Self-repair also works for *volume mounts.* Try it:
``` console
$ docker exec test1 rm /internal/vol1/vol1.test1-pre-greeting
$ docker exec test1 tree /internal/vol1
$ docker compose restart test1
$ docker logs test1
$ docker exec test1 tree /internal/vol1
```
The self-repair code has reinstated `vol1.test1-pre-greeting`. In other words, self-repair works irrespective of how an internal path is mapped to the host file system.
[Docker documentation](https://docs.docker.com/engine/storage/volumes/#when-to-use-volumes) recommends using volume mounts rather than bind mounts. One of the reasons given for making that recommendation is:
> * When your application requires high-performance I/O.

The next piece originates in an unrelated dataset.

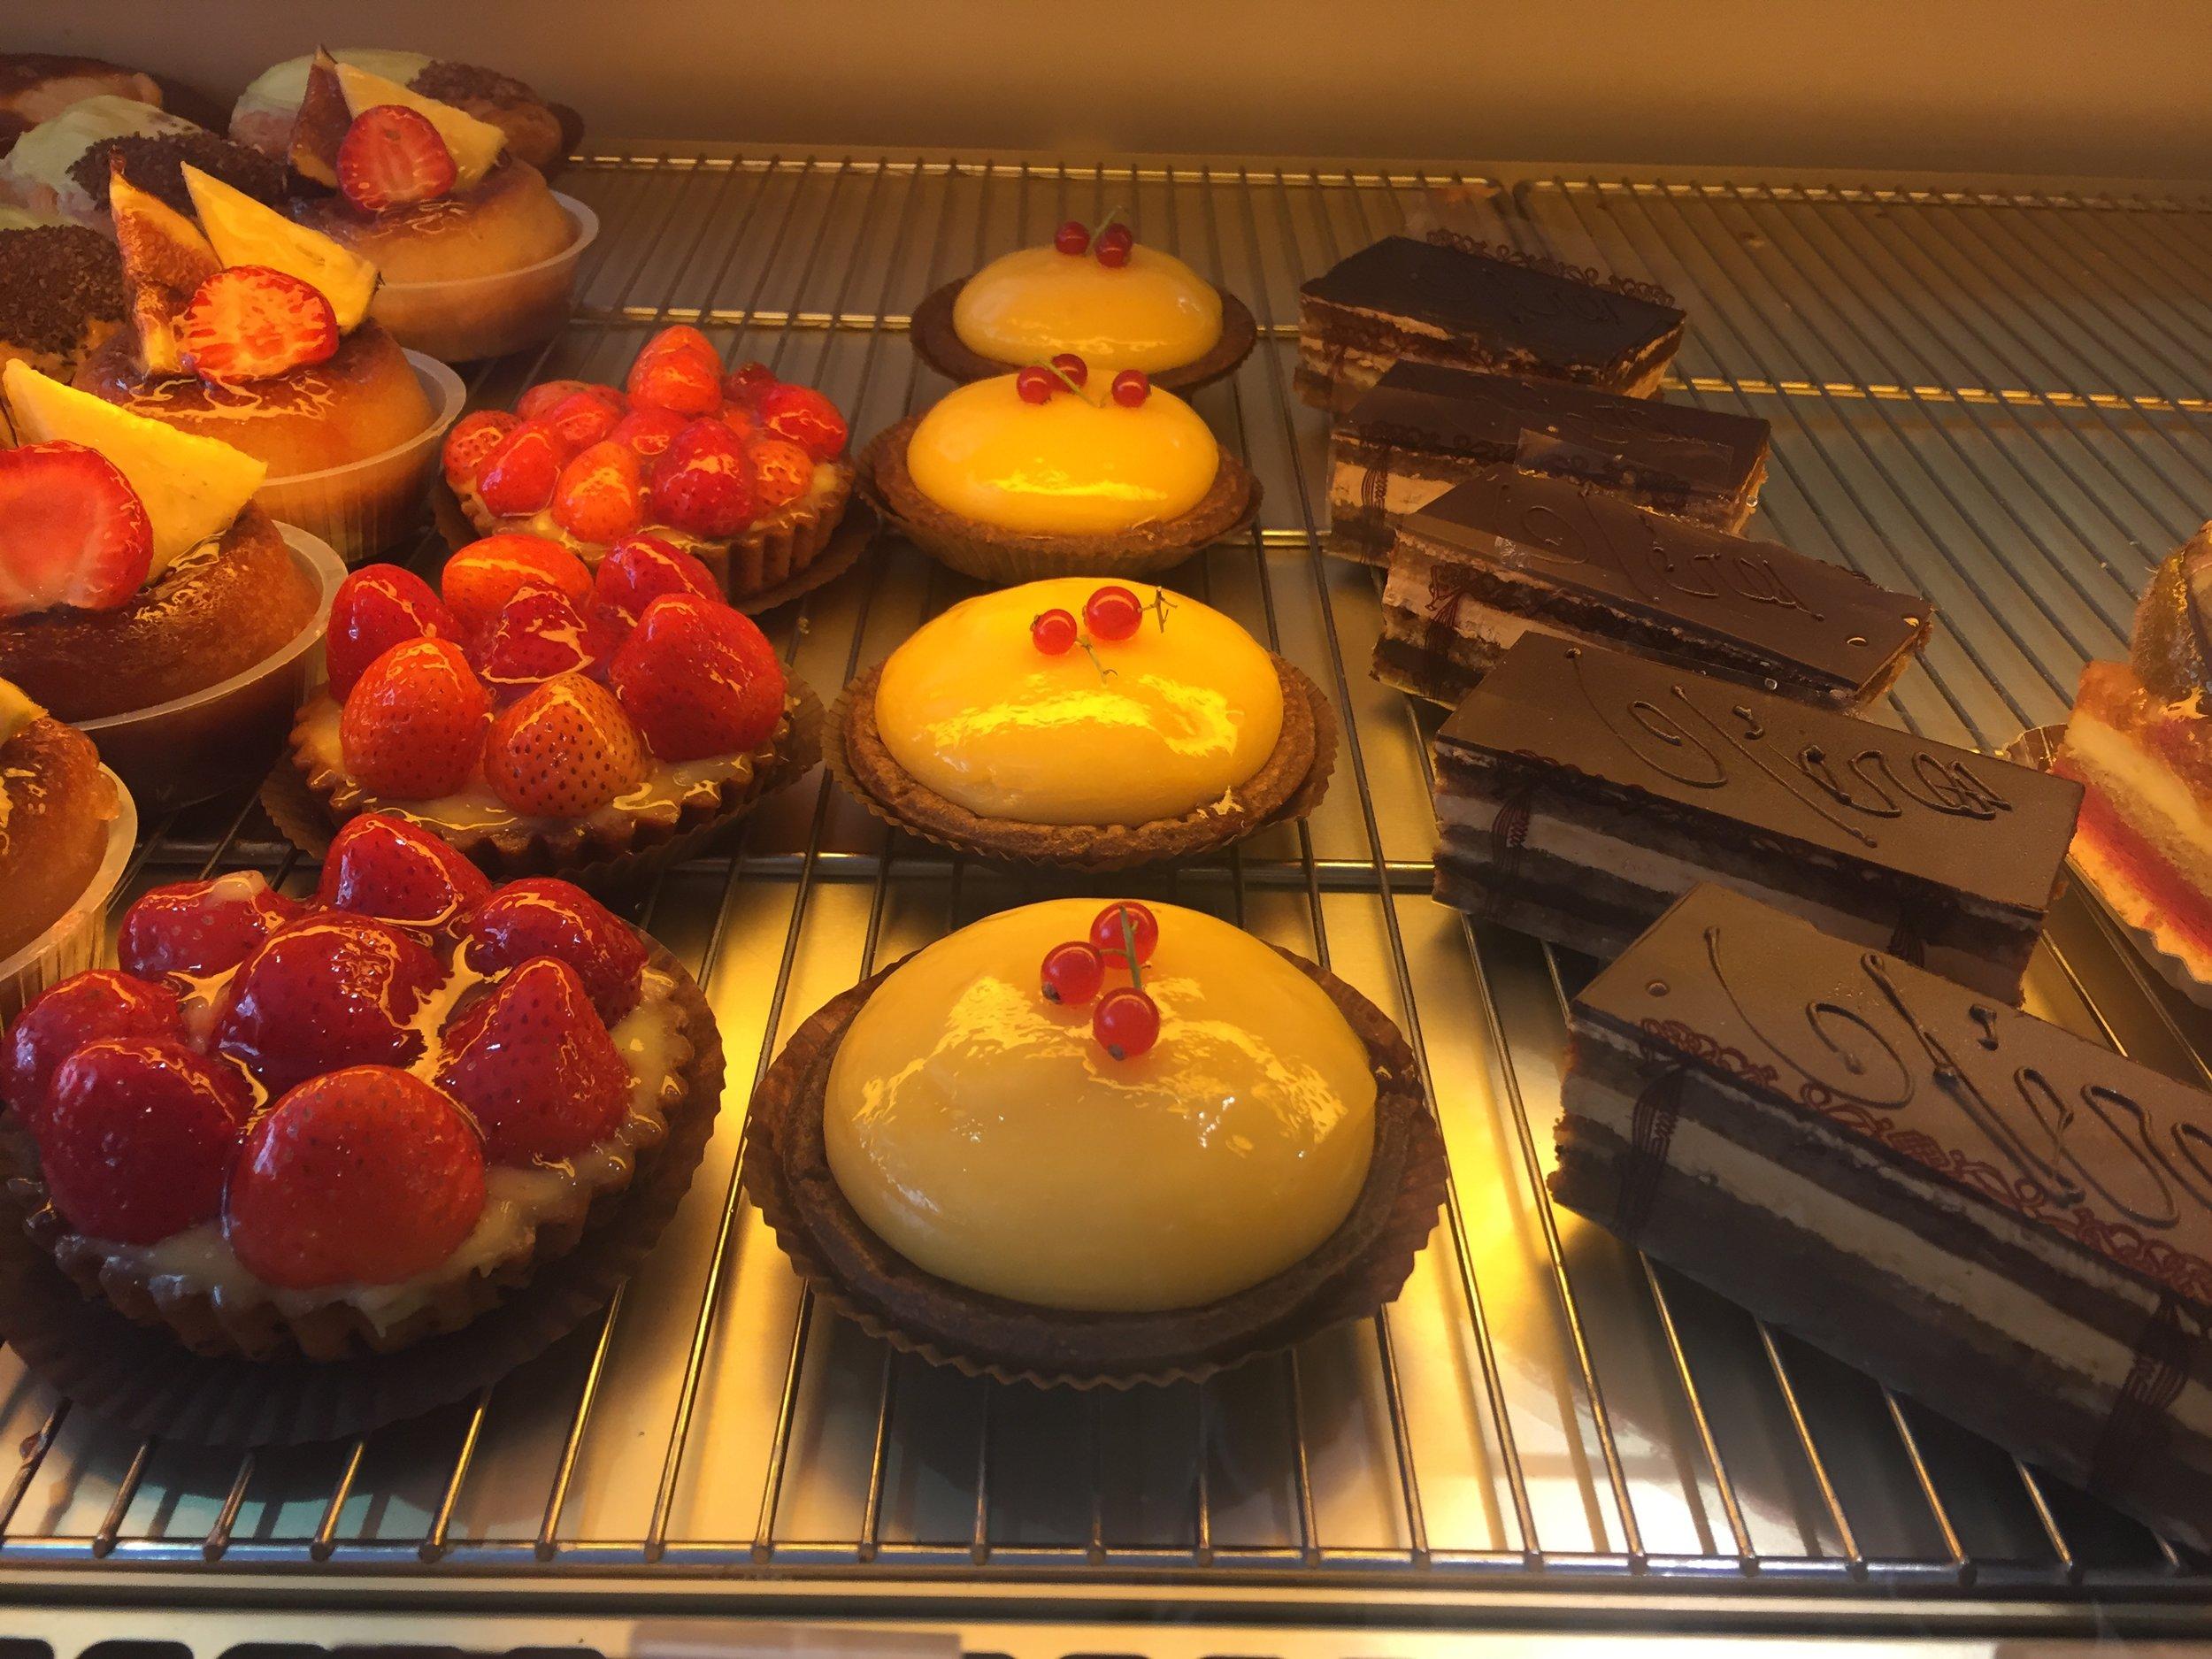 Paris Desserts - Eric Bravo Photography - Let's Go Bravo

The documentation goes on to say:
> Volumes are often a better choice than writing data directly to a container, because a volume doesn't increase the size of the containers using it. Using a volume is also faster; writing into a container's writable layer requires a storage driver to manage the filesystem. The storage driver provides a union filesystem, using the Linux kernel. This extra abstraction reduces performance as compared to using volumes, which write directly to the host filesystem.

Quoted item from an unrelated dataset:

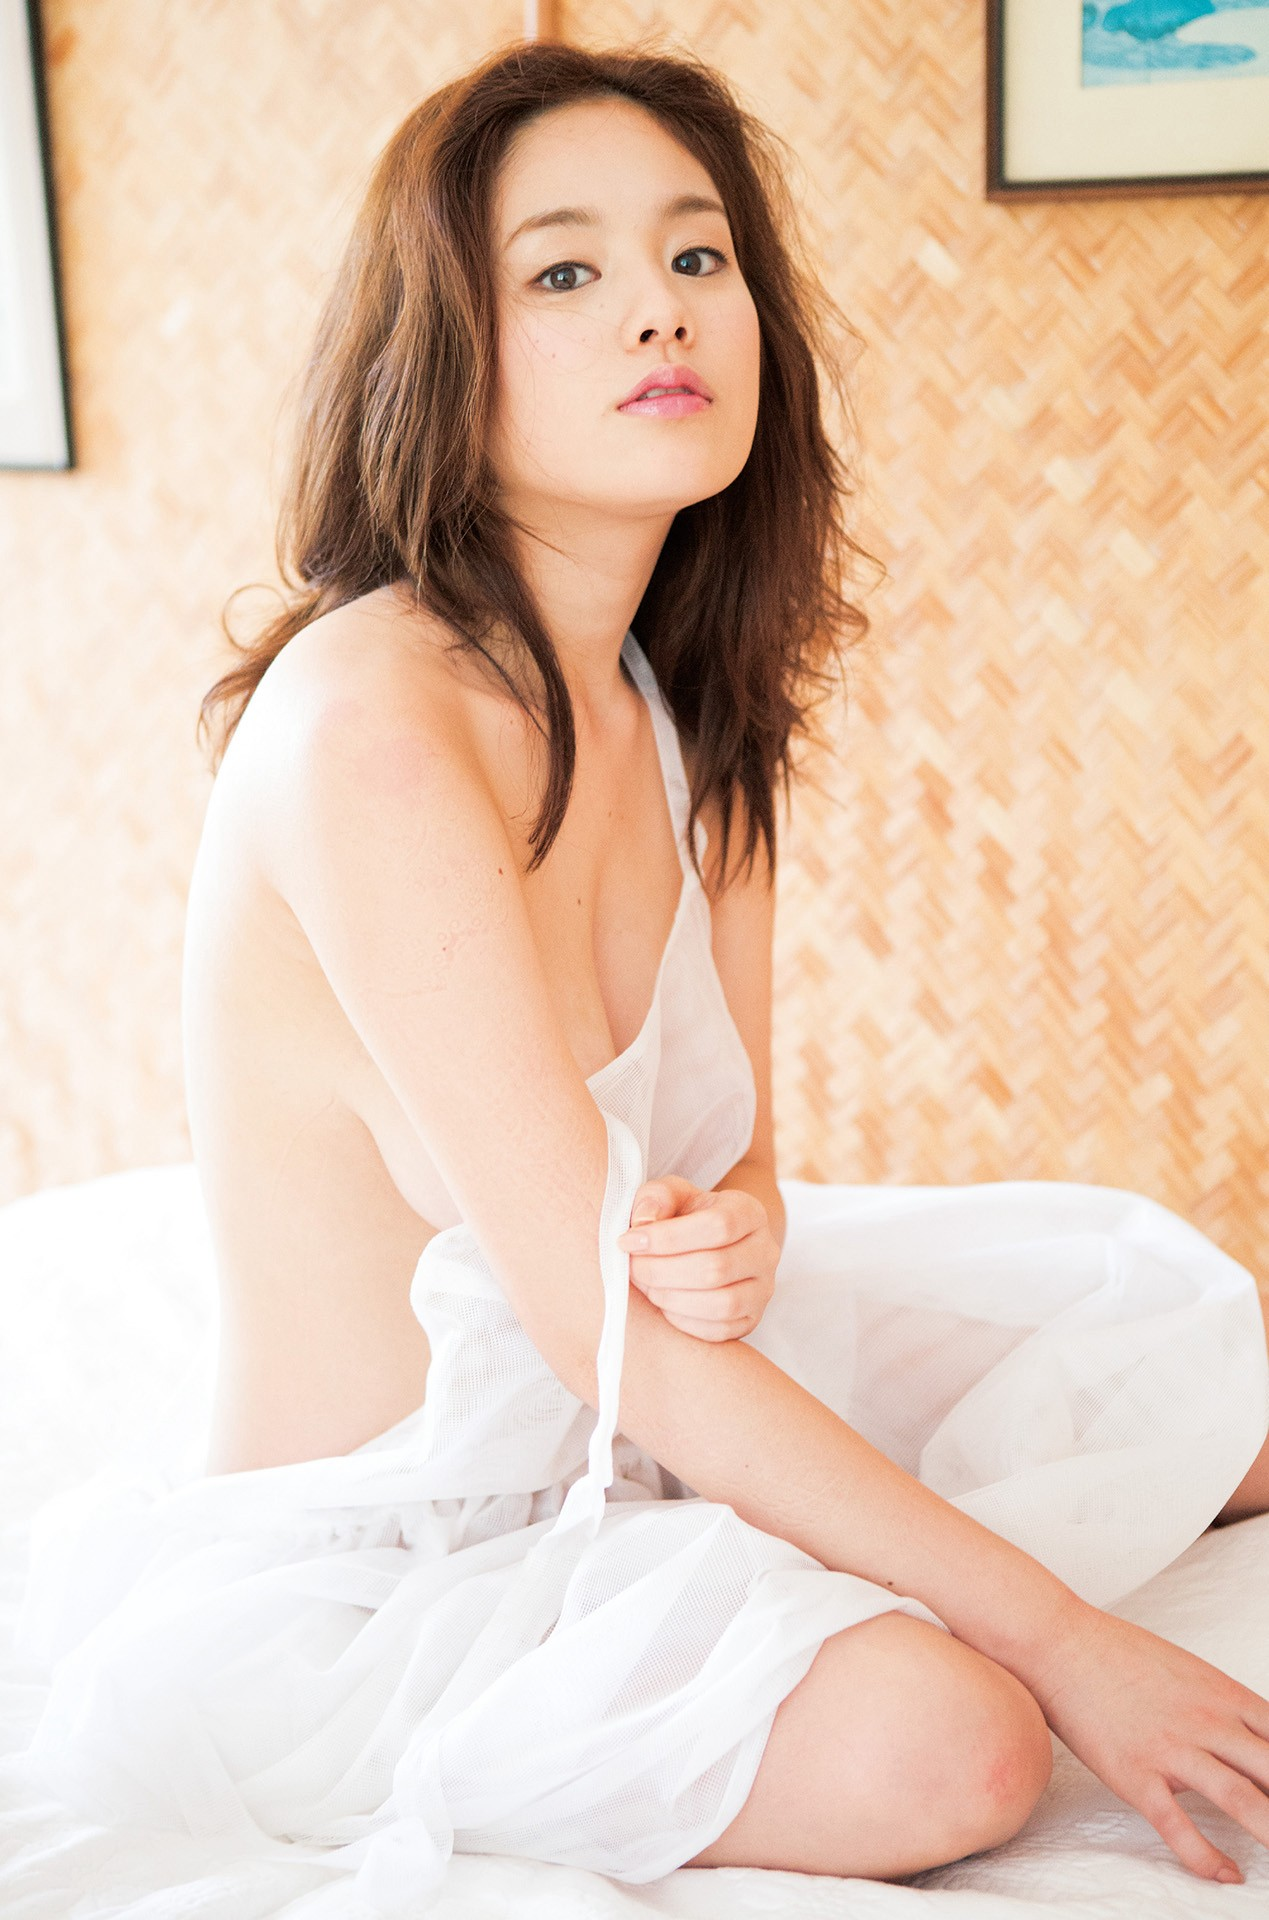 Naked miwako kakei

I decided to test those claims. [Figure 1](#figure1) shows the results of running the [`iozone`](https://www.baeldung.com/linux/disk-performance-test) command in the `test1` container. The host OS was a Debian 12.11 guest, on a Proxmox-VE 8.4.1 Debian 12.11 hypervisor, on an Intel Core i7 2.20GHz (old MacBook Pro 11,2). The Y-axis labels are approximations of the longer titles produced by `iozone`.

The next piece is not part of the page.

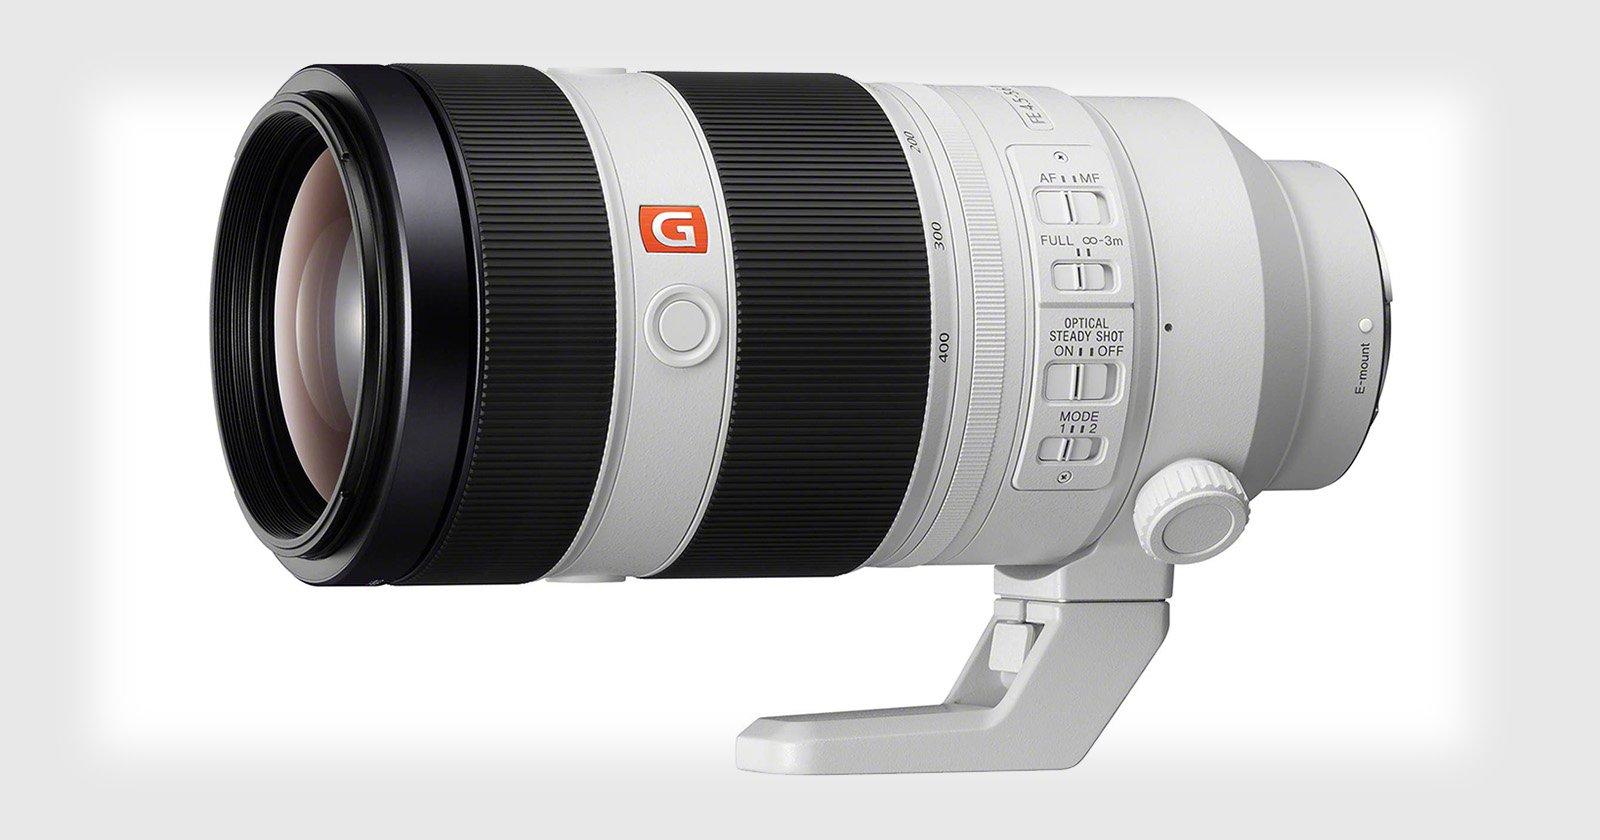 Sony FE 100-400mm f/4.5-5.6 OSS on uus G Master seeria teleobjektiiv

| Figure 1: Performance Comparison : Volume Mounts vs Bind Mounts |
|---------------------------------------------------------------------------------------|
| |
I read that as being close to line-ball and not exactly supportive of any claim that the performance of volume mounts is inherently superior to that of bind mounts. I have repeated the test several times with consistent results. Your mileage may vary. If you want to try it for yourself, the relevant commands were:
```
$ ./reset.sh
$ ./run_test_with_self_repair.sh true
$ docker exec test1 iozone -t1 -i0 -i2 -r1k -s1g -F /internal/vol1/testfile
$ docker exec test1 iozone -t1 -i0 -i2 -r1k -s1g -F /internal/vol2/testfile
```
There is no particular reason for choosing the `test1` container over `test2`. There is also no particular reason for passing `true` to `run_test_with_self_repair.sh`. The only *intentional* difference is:
* `vol1` in `/internal/vol1/testfile` is a volume mount; while
* `vol2` in `/internal/vol2/testfile` is a bind mount.
Usage:
- `$ ./explore_bind_mounts.sh`
Checks for the existence of `./volumes` then runs:
``` console
$ tree -apug --noreport ./volumes
```
Usage:
- `$ ./explore_container_mounts.sh`
Uses `docker exec` to invoke `explore_container_mounts.sh` inside the `test1` and `test2` containers. The script *inside* each container iterates the contents of the `/internal` directory and reports on whether the item is the target of a *Docker bind mount,* plus itemises its content.
Usage:
- `$ ./explore_volume_mounts.sh`
Iterates the list of *volume mounts* and itemises the content of each.
Usage:
- `$ ./reset.sh`
Performs the following actions:
* Takes the stack down.
* Removes all *volume mounts* (named or anonymous) and all *Docker bind mounts.*
Usage:
- `$ ./run_test_with_self_repair.sh {false|true}`
Performs the following actions:
* Invokes [`reset.sh`](#resetsh).
* Invokes `docker compose up --build -d` which rebuilds the containers (if needed) and starts the stack.
* Invokes `docker logs` on each container to write log entries to `stdout`.
If the argument is:
* `false` (or omitted), starts each container with self-repair code disabled.
* `true`, starts each container with self-repair code enabled.
* otherwise displays a "usage" statement.
Usage:
- `$ ./show_declared_volumes.sh`
Iterates all images known to the host. For each image, reports on any internal paths which have been declared on a `VOLUME` statement in the Dockerfile.
Reports `null` where an image was constructed without using `VOLUME` statements in its Dockerfile.